Дорогой Дедушка Мороз! Я была хорошей девочкой весь год… хм, ну почти весь год… хм… ну иногда… хм… ну пару раз-то была… Ой ладно, сама всё куплю!
Клиентка – папина дочь, такая же амбициозная. Таким был и ее муж, таков и ее бойфренд.
Мы с приятелем не спеша едем на лошадях в дальнюю поездку по замерзшей разбитой дороге. Он жалуется мне, что мы попали в группу, которая едет на лошадях, а другая часть едет с комфортом в карете. Он раздражает меня тем, что жалуется на несправедливость распределения, так как якобы имеет право на карету, а случайно попал к простым смертным. То, что он сам из простых, это выбор Бога, против его воли не попрешь. Чтобы не портить отношения, я подавляю свое раздражение – нам предстоит долгий путь.
Клиентка решила поговорить с бойфрендом о своей терапии, объяснила, зачем она ей нужна. Он в психотерапию не верит, это словоблудие. Их отношения не склеиваются.
Я заселяюсь в дешевую провинциальную гостиницу. Это пятиэтажка из белого силикатного кирпича. Проверяю санузел, там дешевая белая плитка. В номере стоят рядом две узкие кровати. На одной лежит девушка с красивым лицом, она в своих мыслях, мы даже не здороваемся. На тумбочке конь терракотового цвета. Это прибор для увлажнения воздуха. Я думаю, что конь керамический, старинный, иностранного производства. Вдруг из него слышится хлопок, из боков вырывается пар. Конь телепатически разговаривает со мной. Я слышу в голове голос друга, которого я искала всю жизнь. Он говорит что-то очень душевное, утешительное, мне становится очень хорошо. Раздается второй хлопок, у коня разрывается морда, из щек вырывается пар. Видны свернутые в трубочку предсказания. Я горько плачу: он сделан из дешевого пластика. Третий взрыв он не выдержит. Заклеить скотчем не поможет. Ищу замазку. Девушка села загорать на подоконник, свесила ноги наружу. Консьержка орет снизу, чтобы та слезла. Консьержка из моего дома, очень деловая и общительная. Я таких людей не очень воспринимаю. Я думаю, что она же не собирается падать. А консьержка боится, что ее будут ругать за несчастный случай в гостинице. Я иду открывать дверь, она изнутри закрывается на маленький хлипкий черный шпингалетик, а снаружи – на ключ. Я переживаю, что могу потерять эту лошадь, единственного друга.

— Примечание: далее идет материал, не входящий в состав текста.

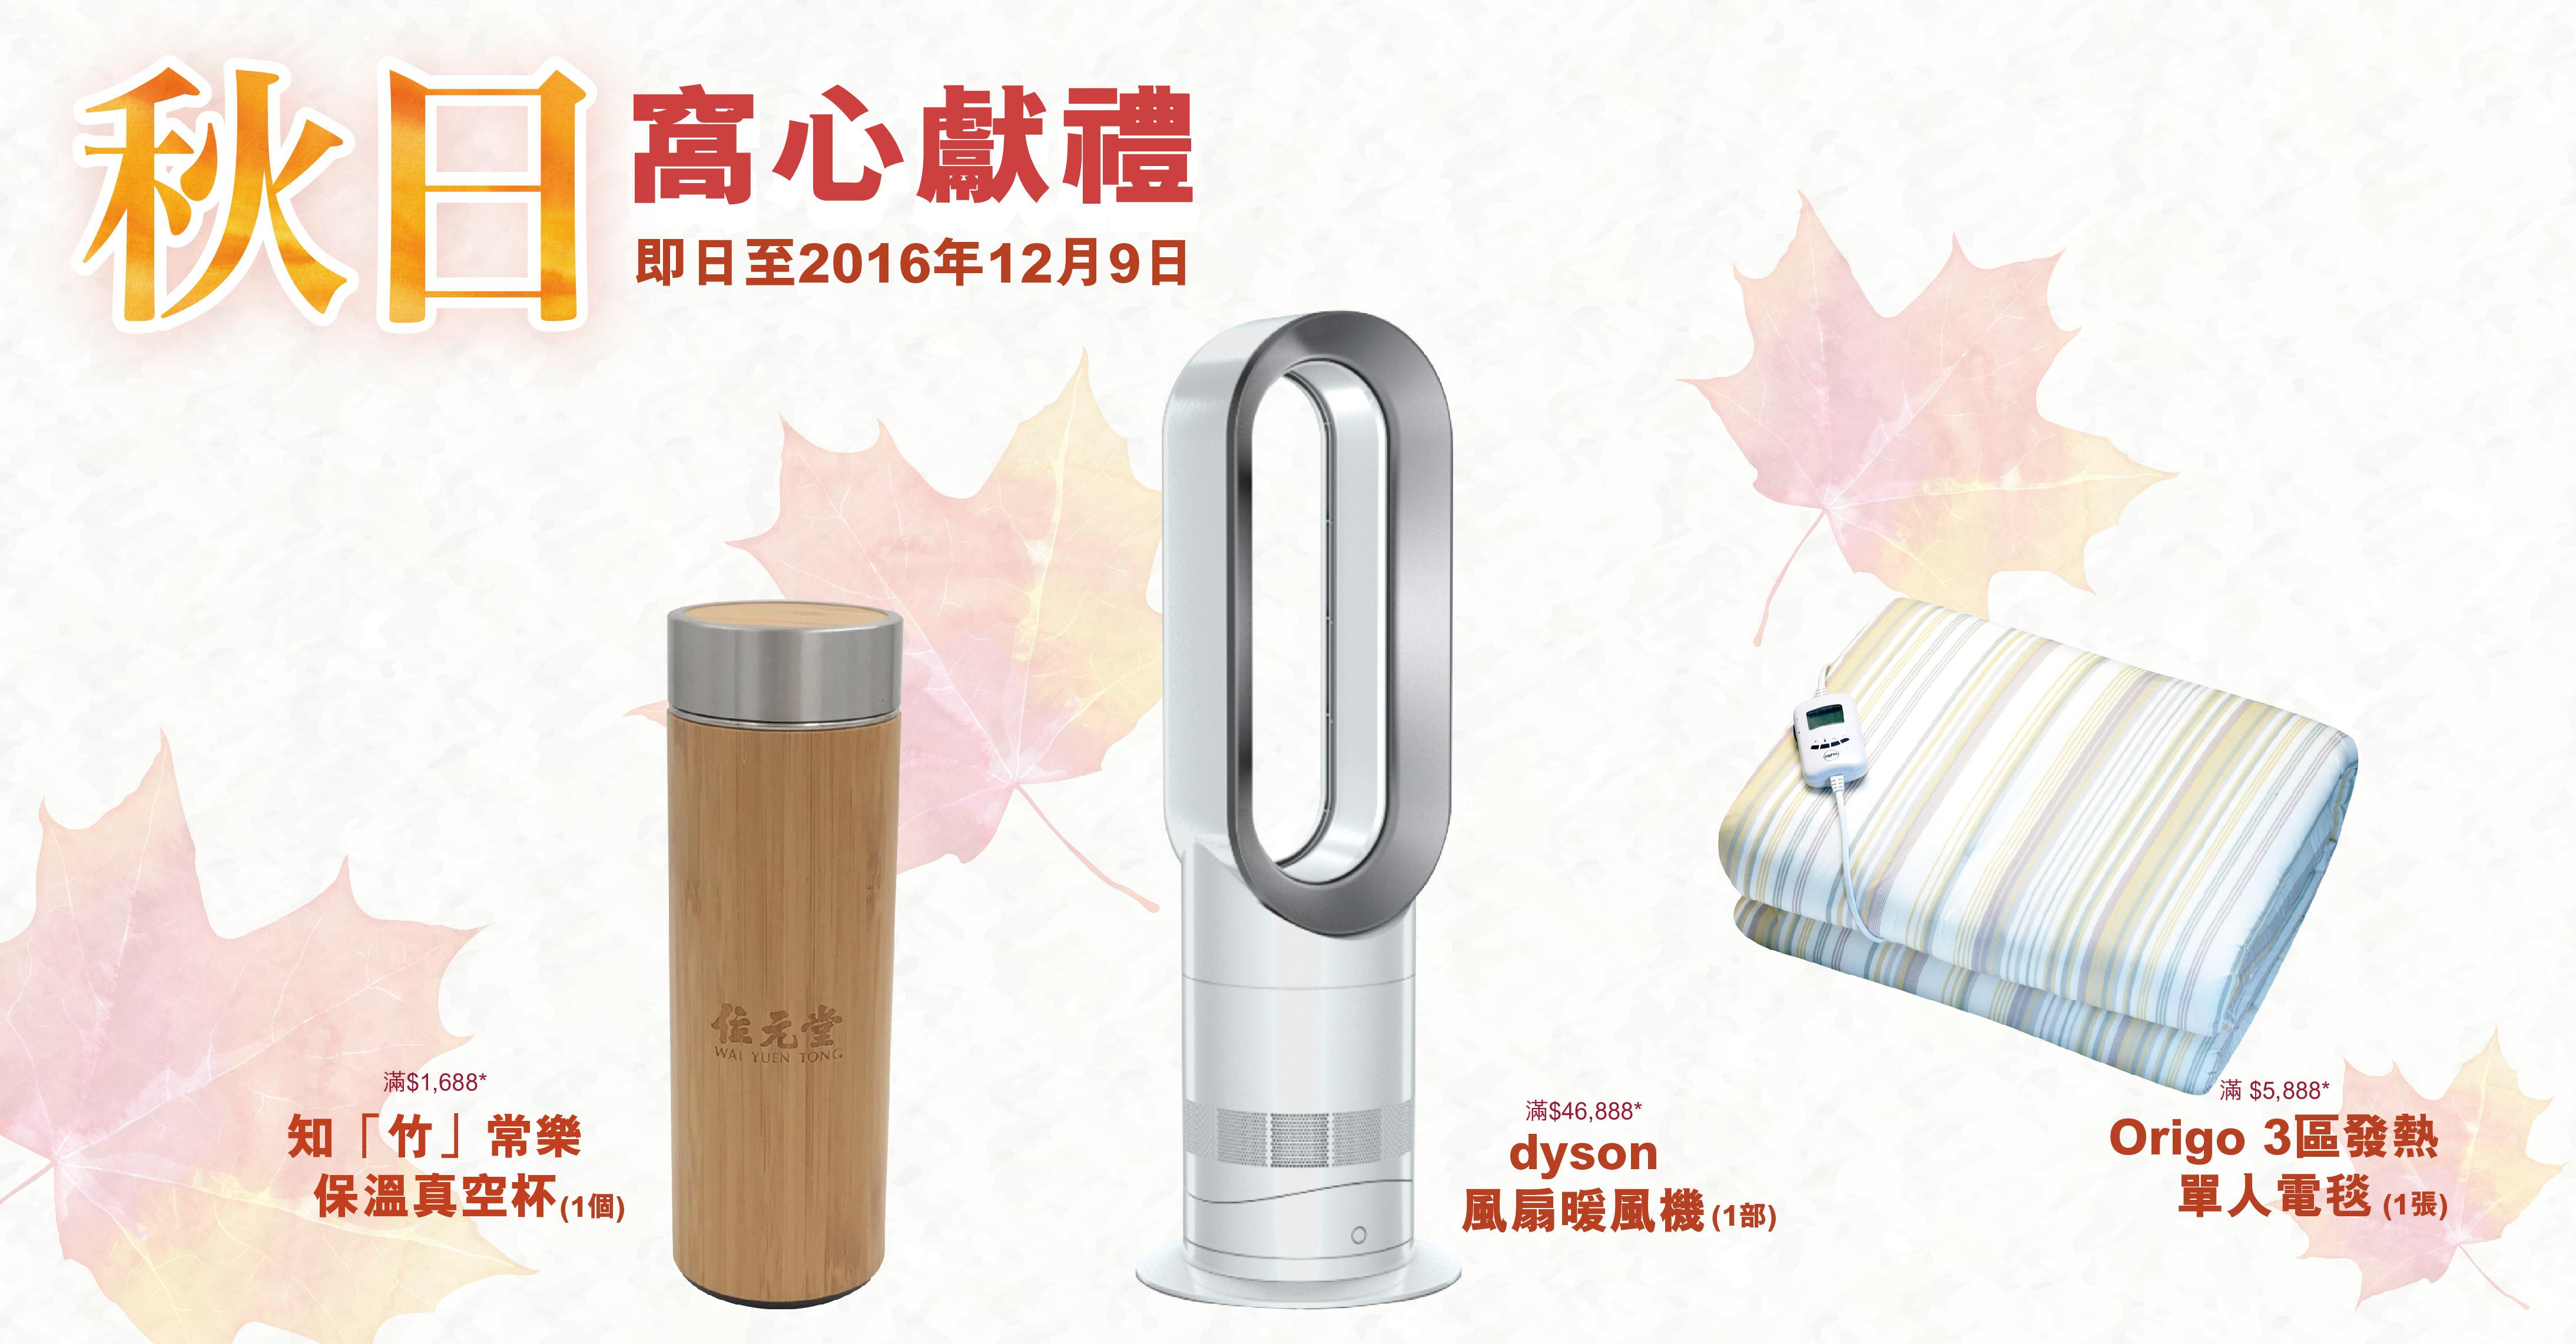 <!--:en-->Autumn Winter Promo<!--:--><!--:cn-->秋日窝心献礼<!--:--><!--:hk-->秋日窩心獻禮<!--:-->

У бойфренда постоянная «движуха» с другими людьми, он общается с ними в кабинете, ее туда – в общественное деятельное пространство – не приглашают, только в отдыхательное, бабы у него между делом. У него очень жестко разделено деловое и интимное пространство. Его душа закрыта на ключ, а ее – на хлипкий шпингалетик.
Я в многоэтажном жилом доме, пытаюсь попасть на лифте на свой этаж, езжу вверх-вниз наугад, так как не помню, где моя квартира. Понимаю, что на лифте я не попаду. Устав, выхожу на этаже, через который надеюсь попасть на свой. Ищу лестницу, чтобы спуститься вниз. Навстречу попадется человек в синей спецовке – сантехник или кто-то из обслуживающего персонала. Я спрашиваю, где лестница, он машет рукой вбок. Он куда-то торопился, а я к нему пристала, наверное, он почувствовал раздражение. Я испытываю облегчение оттого, что я теперь знаю, куда идти. Я иду туда, открываю дверь и вижу вертикальную лестницу с кривыми щербатыми бетонными ступенями. Она загрязнена землей и ошметками цемента, битым бутылочным стеклом. Других вариантов нет, надо спускаться ползком или кувырком, иначе я домой не попаду. Наконец я оказываюсь в своей темной прихожей, испытываю облегчение, чувство безопасности и комфорта. Это квартира, где я жила с родителями до 19 лет. Здесь даже в темноте я могу дойти туда, куда мне нужно.